I first tried ffq, but it gave me errors.

ffq fetches metadata information from the following databases:

GEO: Gene Expression Omnibus,
SRA: Sequence Read Archive,
EMBL-EBI: European Molecular BIology Laboratory’s European BIoinformatics Institute,
DDBJ: DNA Data Bank of Japan,
NIH Biosample: Biological source materials used in experimental assays,
ENCODE: The Encyclopedia of DNA Elements.

(base) ➜  ~ ffq GSE169246
[2022-06-06 14:32:22,716]    INFO Parsing GEO GSE169246
[2022-06-06 14:32:24,418]    INFO Finding supplementary files for GEO GSE169246
[2022-06-06 14:32:28,001] WARNING There are 83 samples for GSE169246
[2022-06-06 14:32:28,001]    INFO Parsing GSM GSM5188367
[2022-06-06 14:32:33,047]    INFO Finding supplementary files for GSM GSM5188367
[2022-06-06 14:32:34,409]    INFO No supplementary files found for GSM5188367
[2022-06-06 14:32:39,659]    INFO Getting sample for GSM5188367
[2022-06-06 14:32:41,847] WARNING No sample found. Either the provided GSM accession is invalid or raw data was not provided for this record

get the metadata using GEOquery

other methods: pysradb https://github.com/saketkc/pysradb

I then tried GEOquery

library(GEOquery)
library(tidyverse)
library(here)
#getGEOSuppFiles(GEO ="GSE176021")
# one can also get the matrix by setting GSEMatrix to TRUE
meta<- getGEO(GEO= "GSE169246",GSEMatrix=FALSE)

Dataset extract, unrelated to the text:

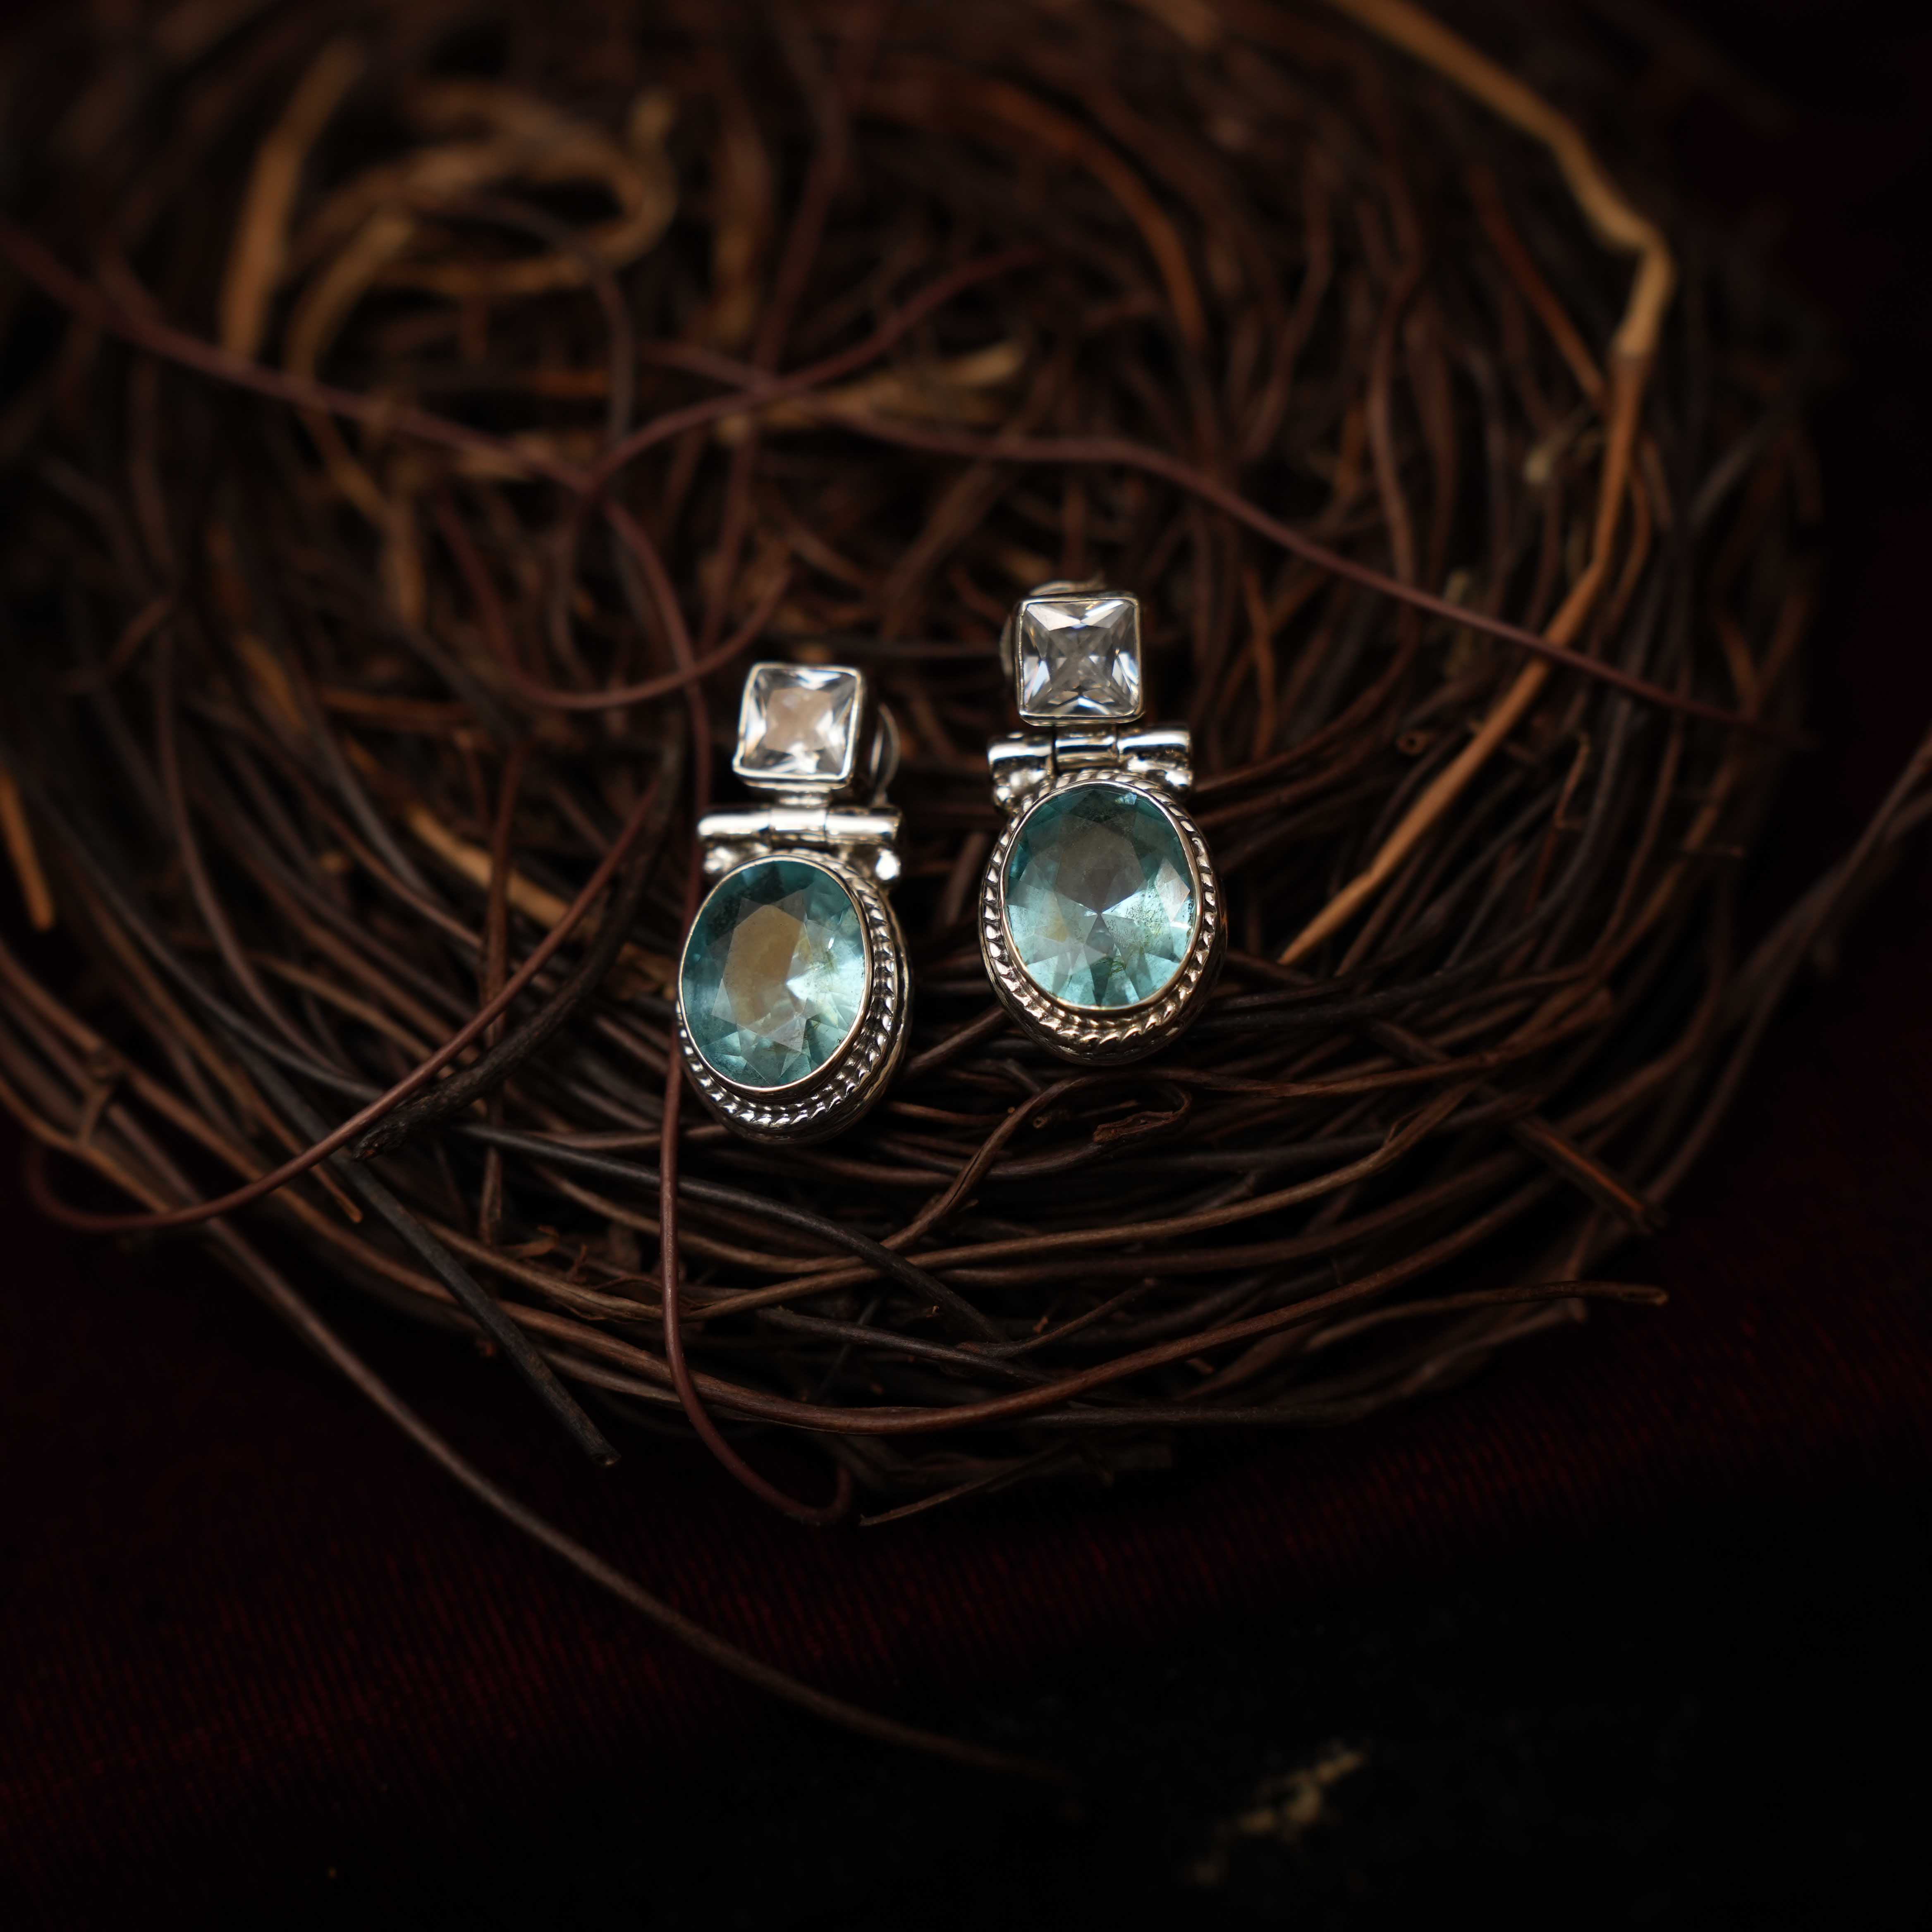 Radhi 925 Oxidized Silver Earrings - Sea Green

The meta object’s gsms slot contains useful information

## metadata 
meta@gsms$GSM5188440@header$characteristics_ch1

#> [1] "tissue: blood"               "disease state: TNBC patient"
#> [3] "group: Progression"          "treatment: Chemo"

## sample ID, I need it because the count matrix cell name is prefixed by it
meta@gsms$GSM5188440@header$title

#> [1] "Prog_P008_b"

## patient ID
meta@gsms$GSM5188440@header$source_name_ch1

#> [1] "P008"

meta@gsms is a list of lists. purrr::map() is a perfect tool to tidy it.

you can learn more purrr from https://jennybc.github.io/purrr-tutorial/

# each list entry is one sample
names(meta@gsms)

#>  [1] "GSM5188367" "GSM5188368" "GSM5188369" "GSM5188370" "GSM5188371"
#>  [6] "GSM5188372" "GSM5188373" "GSM5188374" "GSM5188375" "GSM5188376"
#> [11] "GSM5188377" "GSM5188378" "GSM5188379" "GSM5188380" "GSM5188381"
#> [16] "GSM5188382" "GSM5188383" "GSM5188384" "GSM5188385" "GSM5188386"
#> [21] "GSM5188387" "GSM5188388" "GSM5188389" "GSM5188390" "GSM5188391"
#> [26] "GSM5188392" "GSM5188393" "GSM5188394" "GSM5188395" "GSM5188396"
#> [31] "GSM5188397" "GSM5188398" "GSM5188399" "GSM5188400" "GSM5188401"
#> [36] "GSM5188402" "GSM5188403" "GSM5188404" "GSM5188405" "GSM5188406"
#> [41] "GSM5188407" "GSM5188408" "GSM5188409" "GSM5188410" "GSM5188411"
#> [46] "GSM5188412" "GSM5188413" "GSM5188414" "GSM5188415" "GSM5188416"
#> [51] "GSM5188417" "GSM5188418" "GSM5188419" "GSM5188420" "GSM5188421"
#> [56] "GSM5188422" "GSM5188423" "GSM5188424" "GSM5188425" "GSM5188426"
#> [61] "GSM5188427" "GSM5188428" "GSM5188429" "GSM5188430" "GSM5188431"
#> [66] "GSM5188432" "GSM5188433" "GSM5188434" "GSM5188435" "GSM5188436"
#> [71] "GSM5188437" "GSM5188438" "GSM5188439" "GSM5188440" "GSM5188441"
#> [76] "GSM5188442" "GSM5188443" "GSM5188444" "GSM5188445" "GSM5585280"
#> [81] "GSM5585281" "GSM5585282" "GSM5585283"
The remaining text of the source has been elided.